No Man Is An Island...However...

OK, so as of today I've lost 25 pounds on this diet. Hence the premise for this bit!

The Ten Worst Things About Losing Weight

10. Not being able to eat delicious foods. Frankly, eating is probably one of the top couple of pleasures in which a human can indulge. Lea and I were talking about this the other night, and we agree that there's not too many things better than a great meal. Yeah, sex is up there (especially the way I do it!!!), holding a puppy, seeing some great natural wonder, yadda yadda yadda. But when you're on a diet, you can still do all that stuff. The sudden inability to have a big, cheesy pizza, or a plate of pirogies covered in sour cream and bacon...well, THAT'S hell.

9. Changing sizes of clothes. If you're someone like me who has yoyoed throughout life, and you're smart, you save your clothes of different sizes as you fluctuate. Unfortunately, I haven't always been that smart. At the moment, for instance, I'm transitioning back toward XL shirts, and I'm sure I don't have more than a couple of them in my closet (and bear in mind that I literally have probably a hundred shirts in my closet). And pants? Yeesh. Y'know, when I get down to my goal weight, I think I'm going to take one of my REALLY big pairs and sell them on ebay for charity (I think the City of Heroes gang might bid on 'em, given their preoccupation with my pants).
8. The fact that people DON'T KNOW you're dieting. See, I've lost a sizeable amount of weight so far, but people who have never seen me before don't know that, so they might assume that I've always been just this size, or worse, that I'm on my way UP. And yes, I realize how neurotic that makes me sound. Know why? Because I'm neurotic.
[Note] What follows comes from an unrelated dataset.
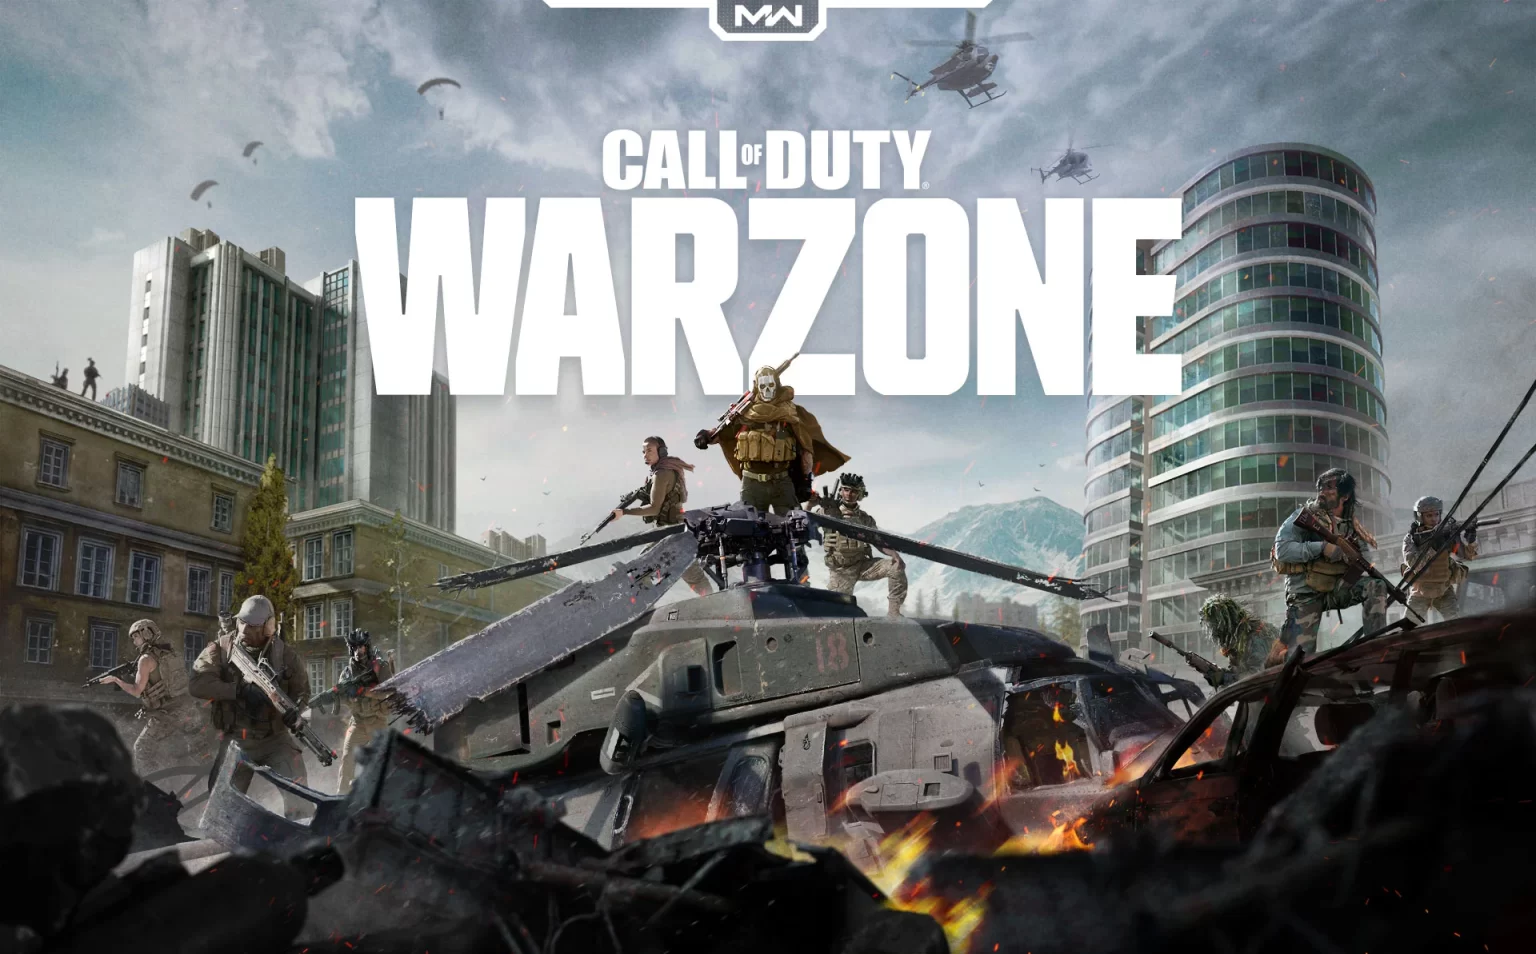 AGB WZ 0309 TOUT 1536x954 - Call of Duty Warzone Android pre-registration is now open
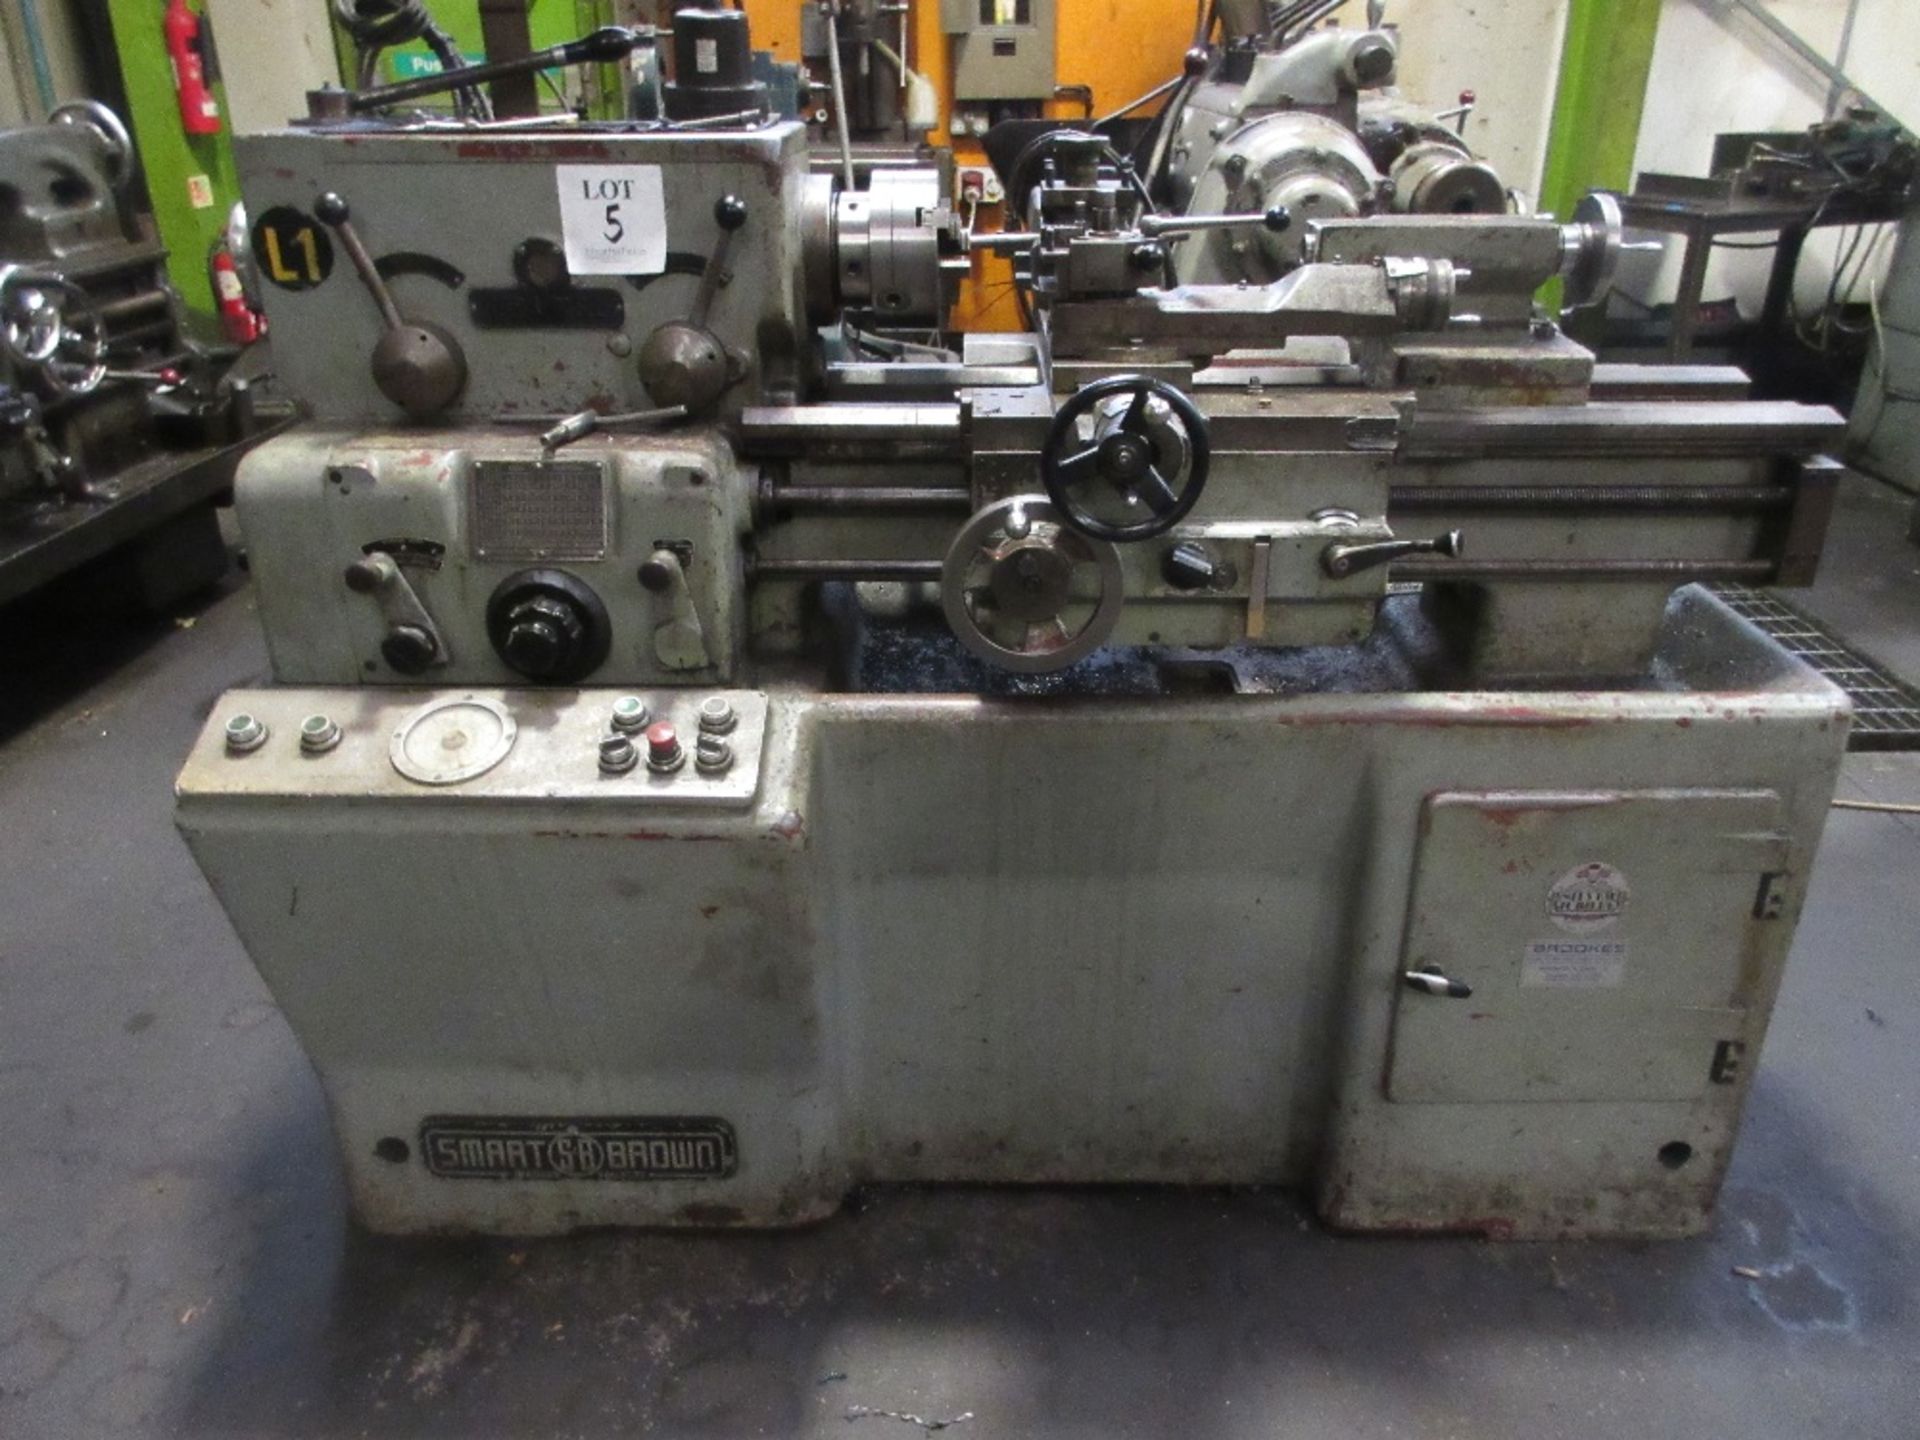 Smart and Brown 1024VSL centre lathe with Sony DRO 6" x 30". A Risk Assessment and Method

7. Exercise. Sorry, but just cutting down on the food won't cut it, especially when you get to my advanced stage of decrepitness. You have to hit the gym. And I do, at least five or six days a week, plus my nightly constitutional (that's where I go door to door, telling people about the importance of the Second Amendment).

6. Free food. See, it's bad just not being able to eat, but when you're as cheap as I am, and you suddenly get the opportunity to score some free food, that's a killer. So when I come into the adjunct faculty room and someone has left donuts or cookies, or when there's a big spread of meats and cheeses at faculty orientation, or when a friend has a barbecue, etc., I want to get as much gratis grub as possible. There's a time when I would have filled my pockets with my ill-gotten booty (or my ill-booten gotty), but now it's for naught. Naught!!!

5. One of the things people usually do when they try to give up a vice is to increase another vice. But I don't smoke, I rarely drink, I don't gamble. If I'm not overeating, what's going to take up the slack? I do find myself shopping a bit more, especially at dollar store type establishments. I get a certain pleasure from picking up a cheap doodad or knicknack. Not as much as a greasy cheeseburger and fries, but hey...

4. My head. Look, I've been as heavy as almost 400 pounds, and as "normal" as 175, but no matter how much weight I lose, I still have a big, round head. I wish we lived in a society where the standard for male beauty was less Keanu Reeves and more John Candy, but unfortunately you folks have dropped the ball...

3. It's a strange thing to say, but after you've lost the weight, you sometimes feel guilty around other folks who are heavier, as if you've "gone over to the other side," as silly as that sounds. That's a phenomenon that occurs in a lot of subcultures, though (for example, I understand from friends there's sometimes a real clanishness in the deaf community regarding folks who regain their hearing, or who live too much outside the "deaf world"). The thing is, though, that there's not really much solidarity among fat people. Yes, we do enable each other to pig out and such when we're friends, romantic partners, etc. But if you think overweight folks are much more accepting of other fatties, don't kid yourself. Some of the meanest comments you'll ever hear are from other fat people (and given the rate of obesity, they're becoming legion). It may be a defense mechanism, it may be self-hatred, it may simply be that they're as affected by cultural norms as anyone else, but it's there.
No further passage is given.